Exercise:
With the pictures removed, write out the data below exactly.

═════ Input data

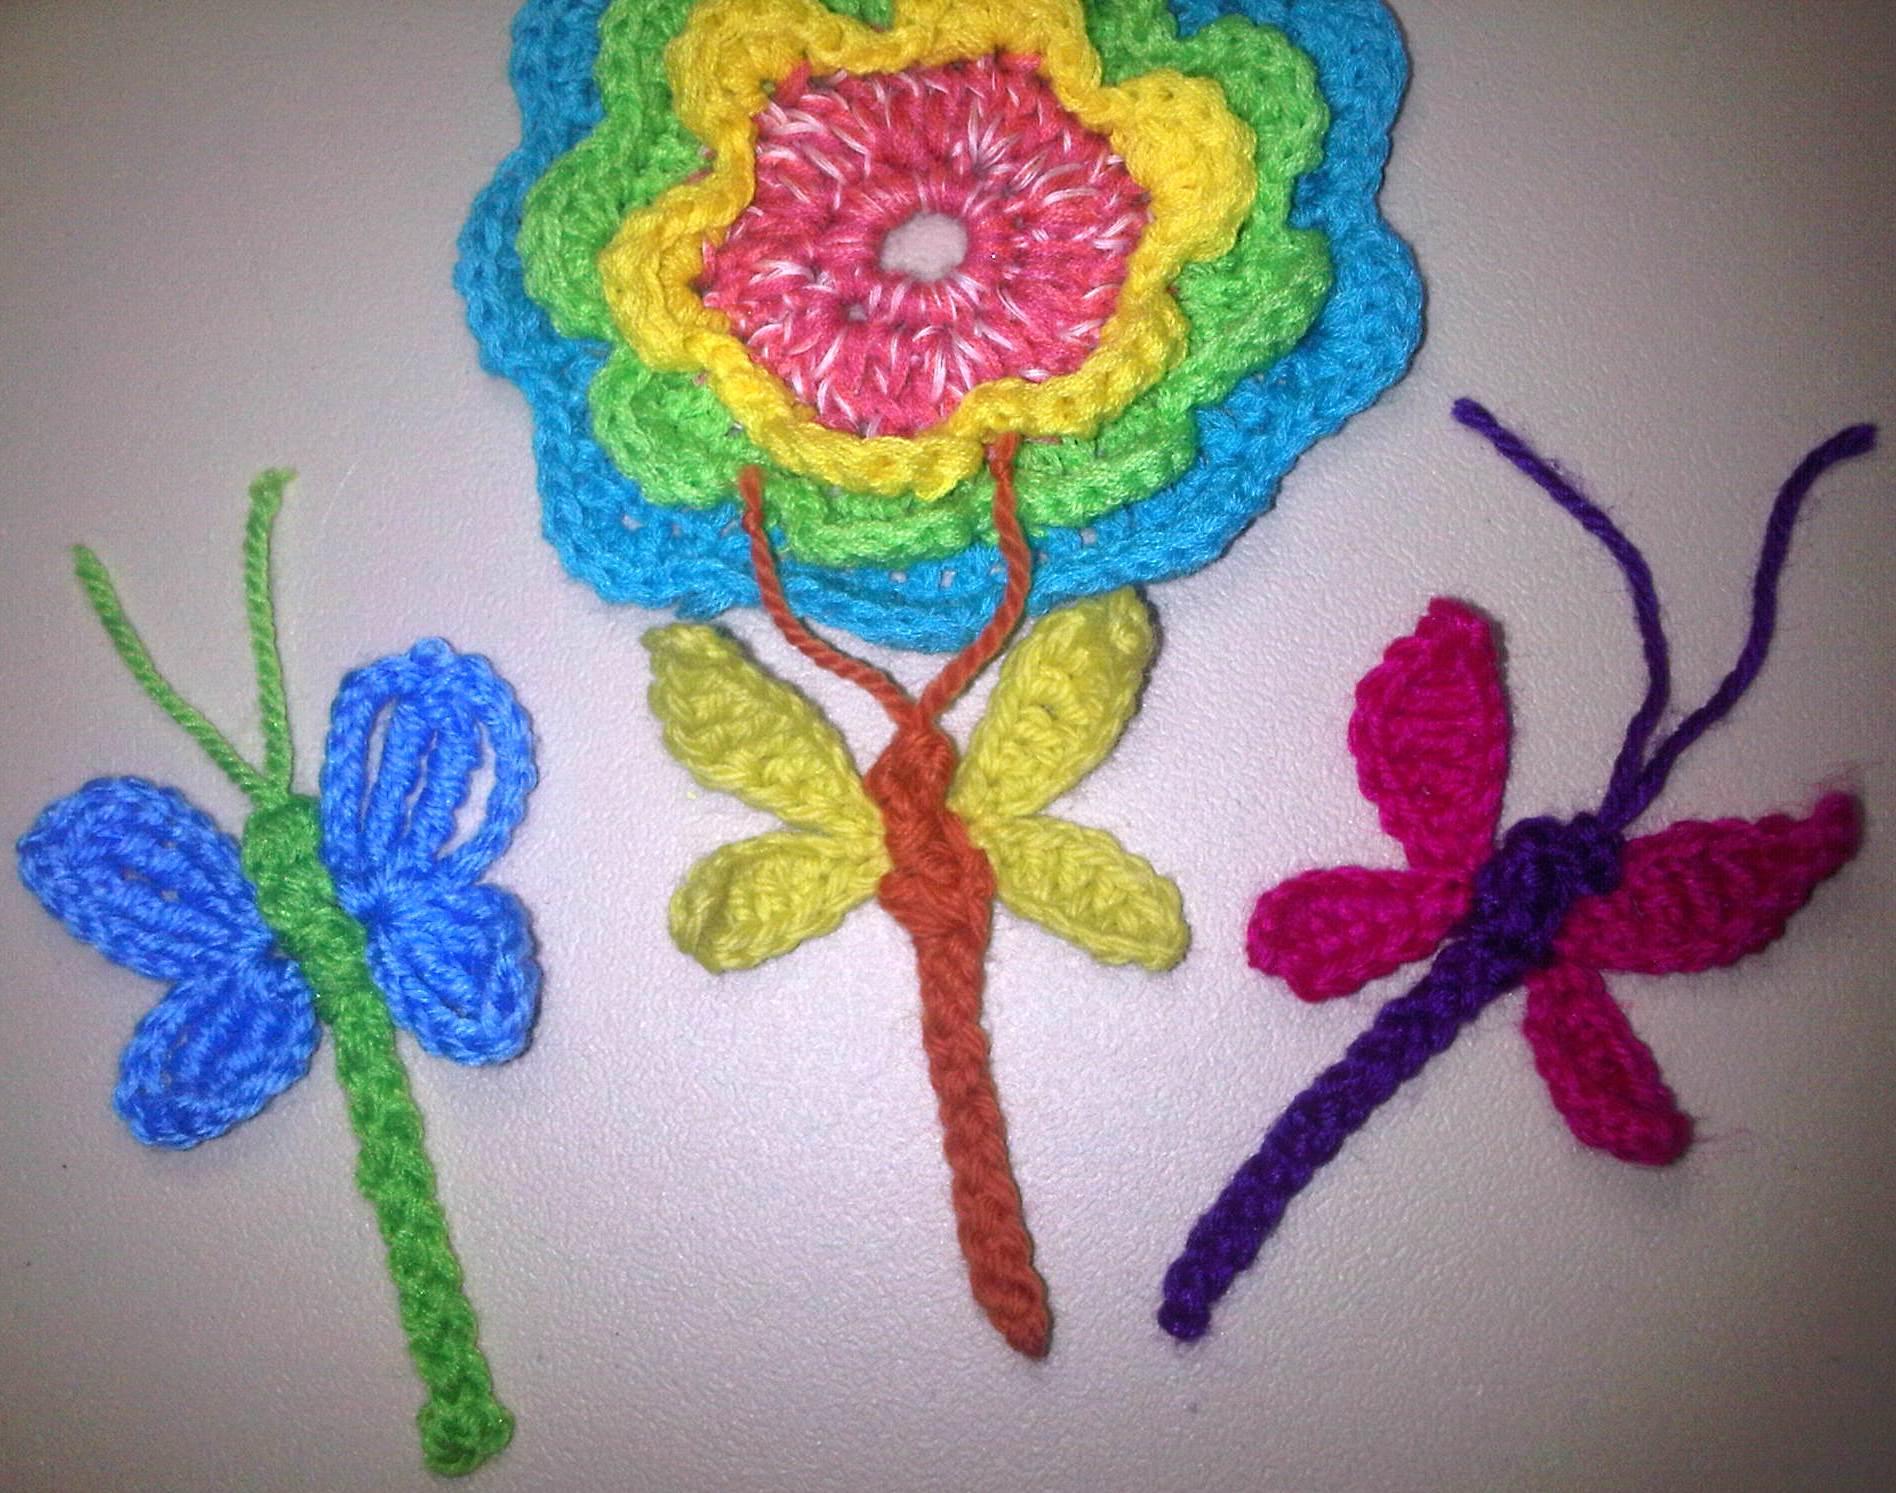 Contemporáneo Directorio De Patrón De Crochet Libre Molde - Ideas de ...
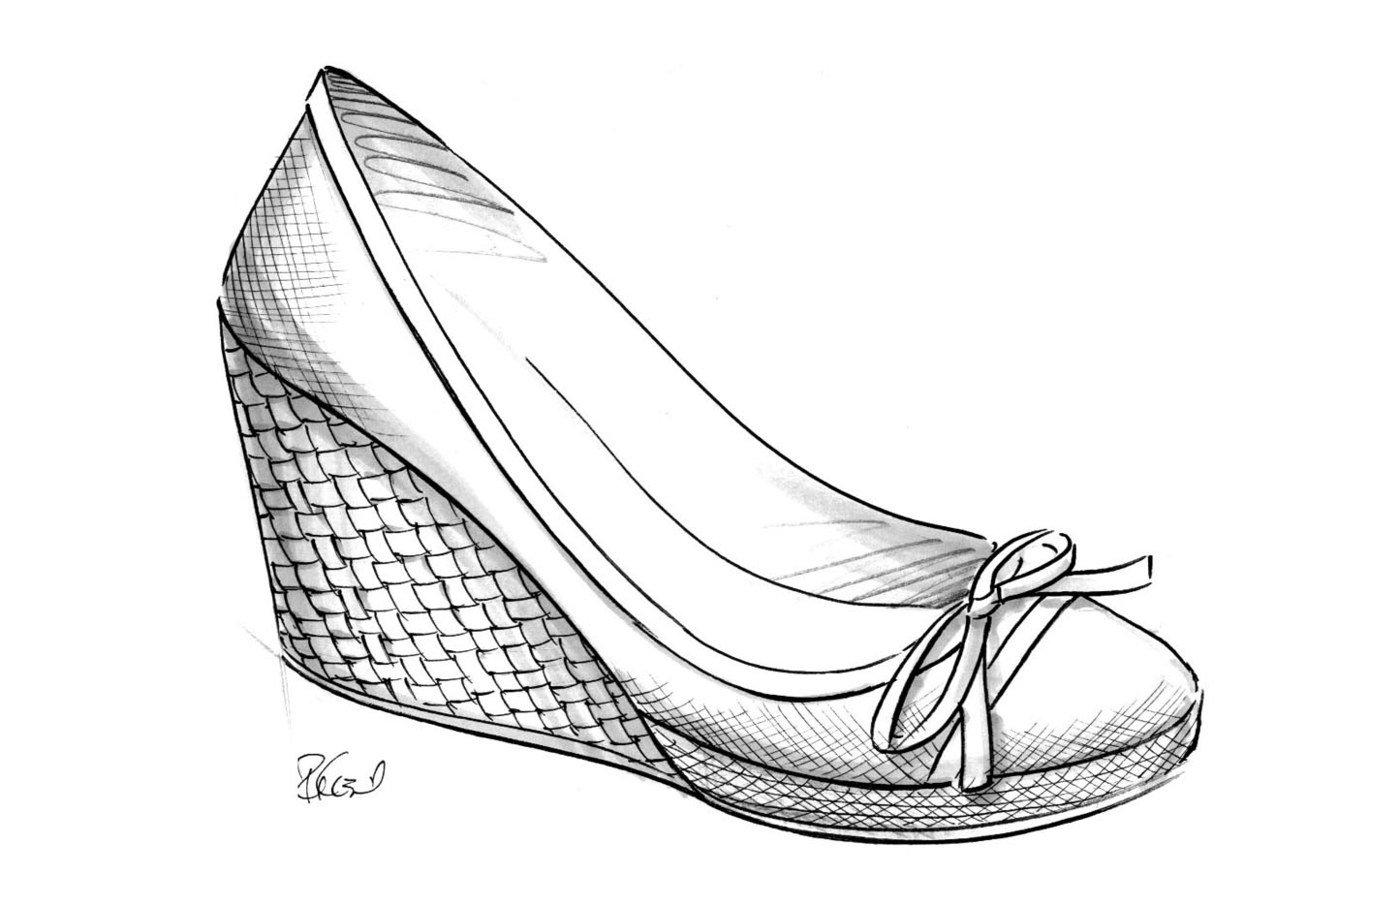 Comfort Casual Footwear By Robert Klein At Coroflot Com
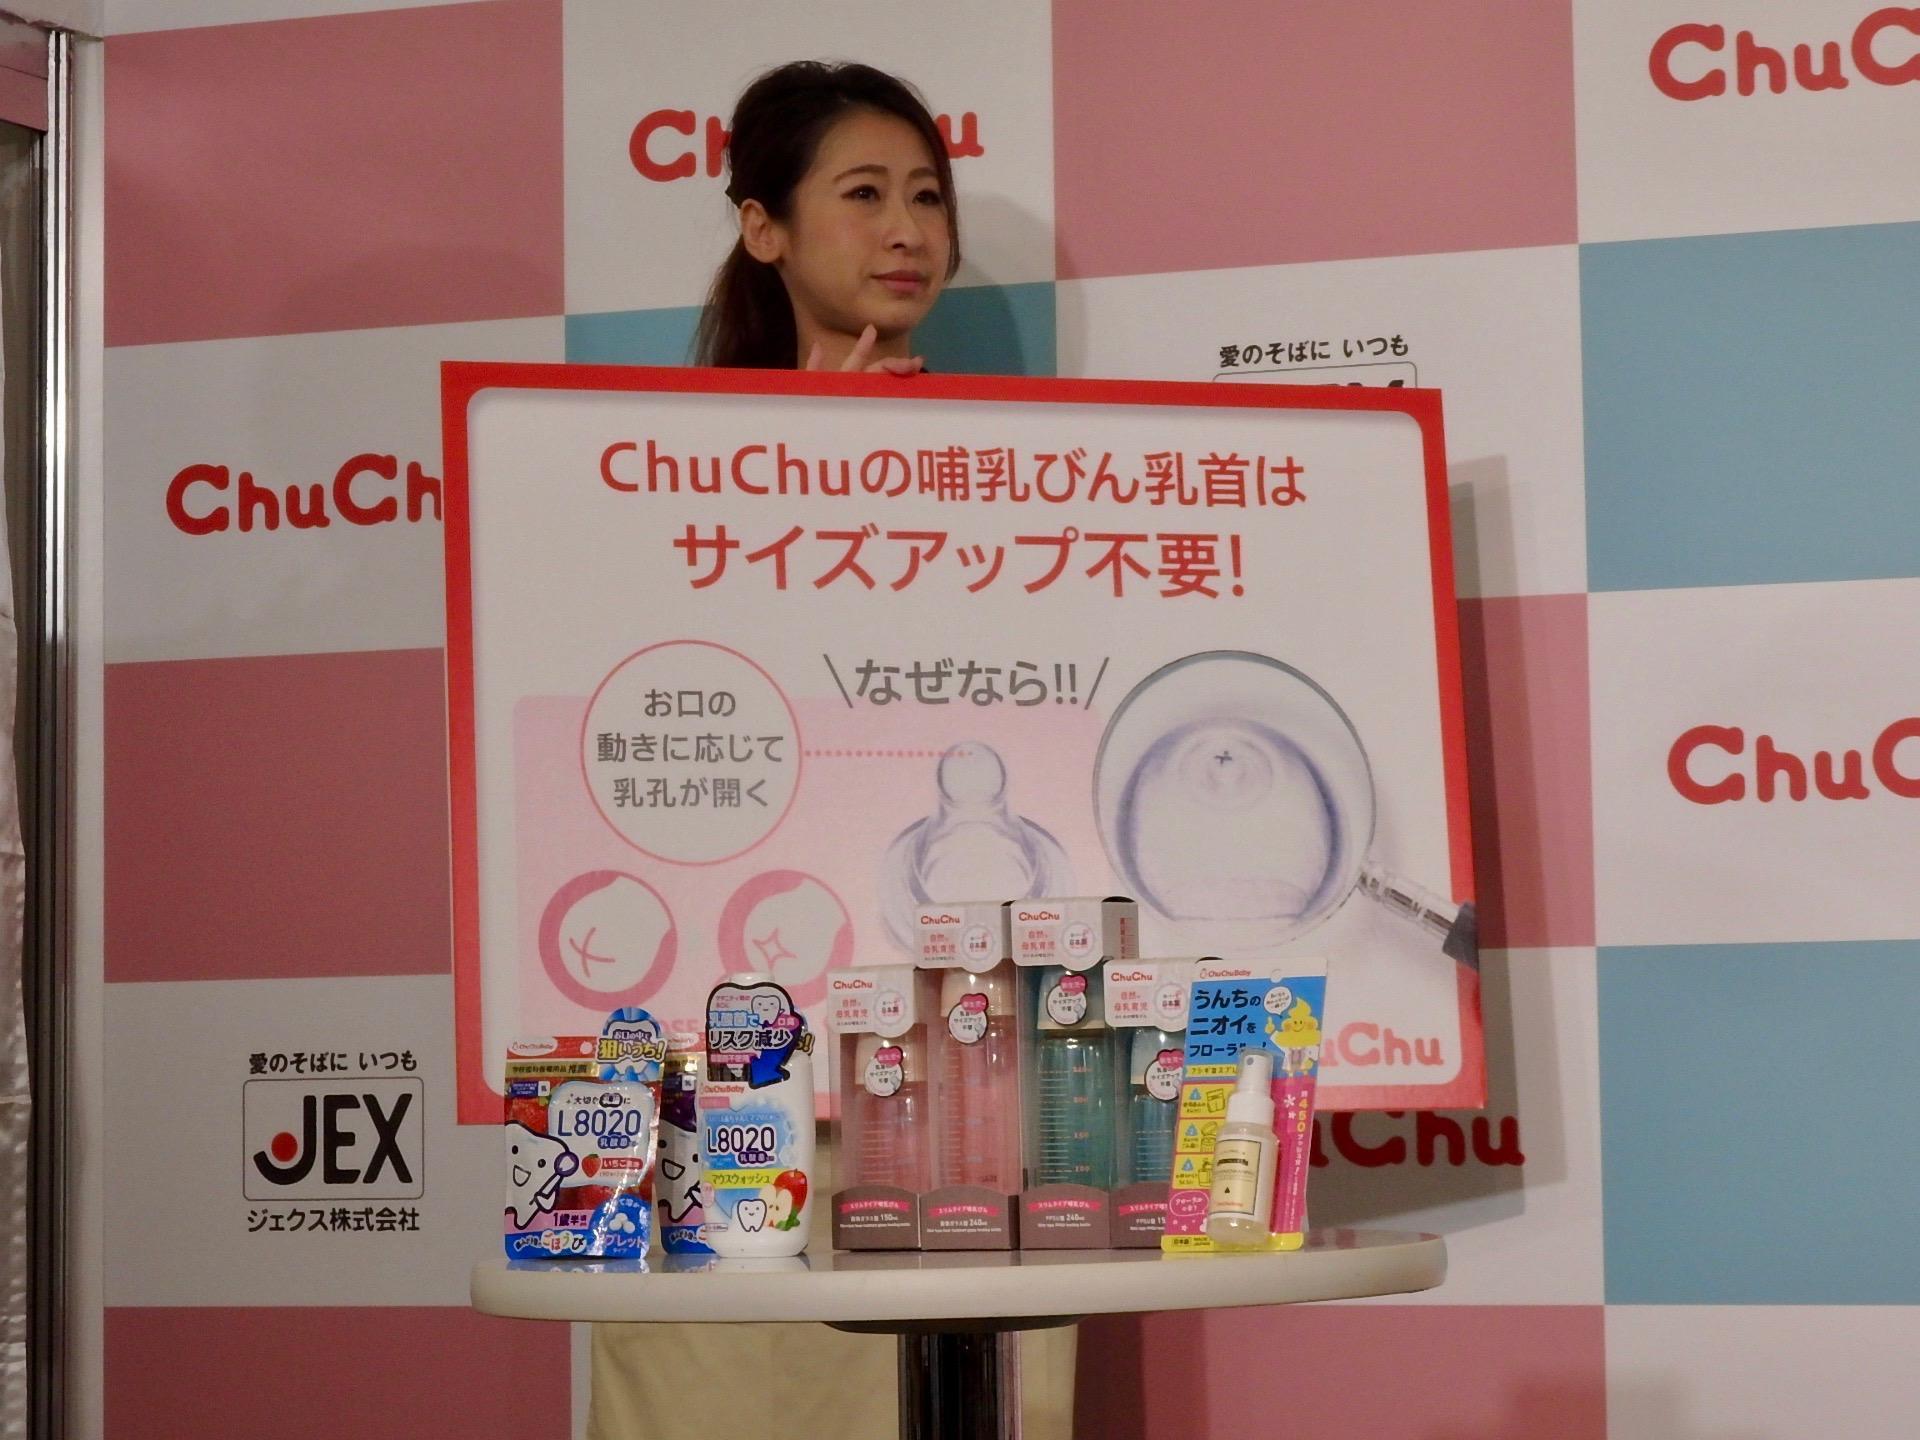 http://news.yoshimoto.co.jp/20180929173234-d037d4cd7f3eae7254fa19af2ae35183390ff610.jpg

══════════

Response to the exercise:
 Contemporáneo Directorio De Patrón De Crochet Libre Molde - Ideas de ...
 Comfort Casual Footwear By Robert Klein At Coroflot Com
 http://news.yoshimoto.co.jp/20180929173234-d037d4cd7f3eae7254fa19af2ae35183390ff610.jpg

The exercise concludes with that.